Марина возилась у стены вагона, что-то долго вытирала, затем еще дольше натягивала на себя не просохшие после стирки трусы, наконец отрешенно вздохнула и всхлипнула:
— Вот и все… а ты, дура, боялась, как говорится в народе.
Данила притаился, молчал, но скоро понимать начал, что молчать в такое время неудобно, и, как многие мужчины при подобных обстоятельствах, принялся неуклюже каяться:
— Прости! Я ж не знал, что ты такая… — Помолчал, лицо ее пощупал, оно было в слезах. — Войну прошла, огни и воды, и вот…
Она вдруг встрепенулась, бесцеремонно пощупала его промежность:
— Тюха! Застирывать надо. И брюки, и кальсоны.
— Зачем?
— Зачем? Зачем? Разболокайся, говорю…
В тесноте, неумело ворочаясь, он начал снимать с себя, что велели. Марина помогала ему. Вскоре зачурлюкала вода в кране дежурного бачка для питьевой воды, взбрякивала пряжка ремня, пощелкивали о железо пуговицы, и вот злоумышленница с узлом в руках вскарабкалась на нары, долго пристраивала брюки в открытое окошко, цепляла их за крючки люка, чтоб обдувало.

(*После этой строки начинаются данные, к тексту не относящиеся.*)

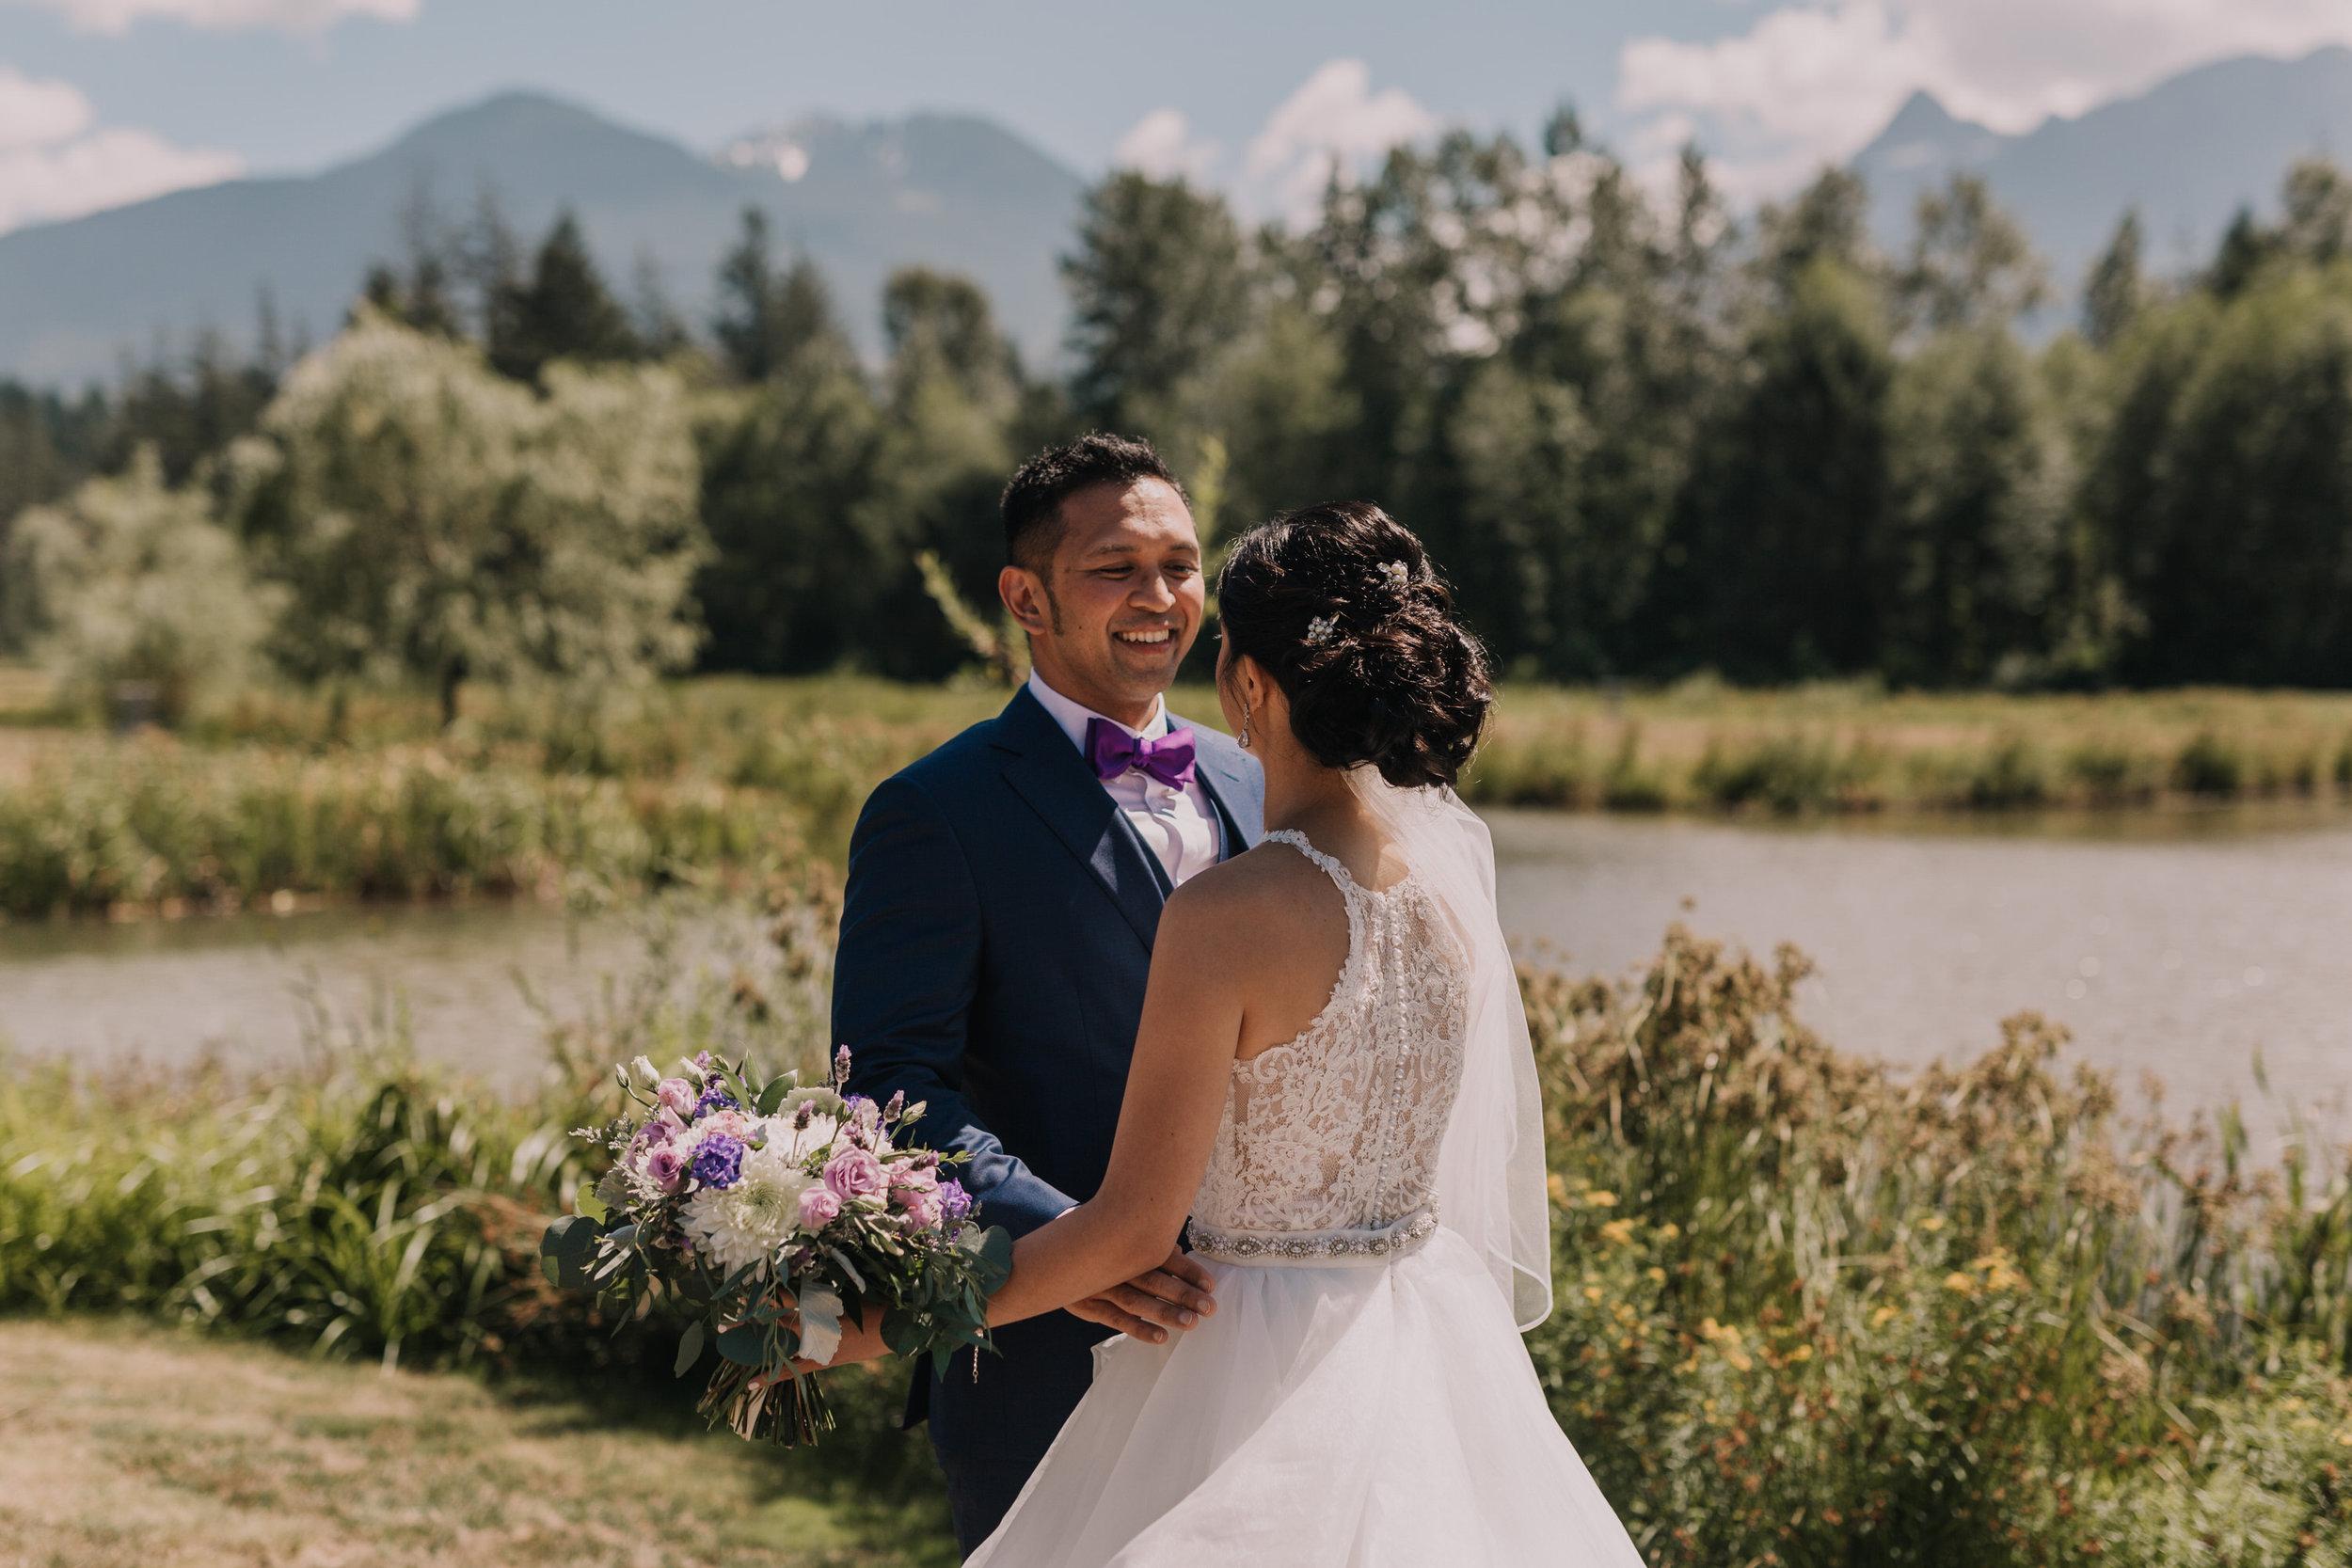 Squamish Wedding Photographer - Sea to Sky Gondola Wedding Photos -  Vancouver Wedding Photographer & Videographer - Sunshine Coast Wedding Photos - Sunshine Coast Wedding Photographer - Jennifer Picard Photography - IMG_2169_1.jpg

— Кальсоны наденешь мокрые. На штаны солдаты подумают, может, описался боец, кальсоны — это, брат, улика.
Они прибрались и теперь уж лежали, прижавшись друг к другу под шинелью.
— Прости еще раз, — прошептал он еле слышно.
— Да не переживай ты, Даня, не казнись, поздно или рано это неизбежно произошло бы. — И долго, долго молчала, не шевелилась и как-то слишком умудренно и устало добавила: — Да теперь и не зашьешь обратно, даже операционным кетгутом, пластырем не заклеишь. Конечно, не в такой бы постели, не в этом логове, но не одни мы нынче такие бесприютные. Спи! Спи давай. — И она стала, как ребенка, прихлопывать его по шинели, баюкать вроде.
— Выходит, мы теперь уж муж и жена, — засыпая, прошлепал своими детски пухлыми губами Данила.
— Выходит, — подтвердила она и поцеловала его в щеку, в преддверии бороды обметанную пухом.
— А кетгут — это чё?
— Багор через плечо, спи.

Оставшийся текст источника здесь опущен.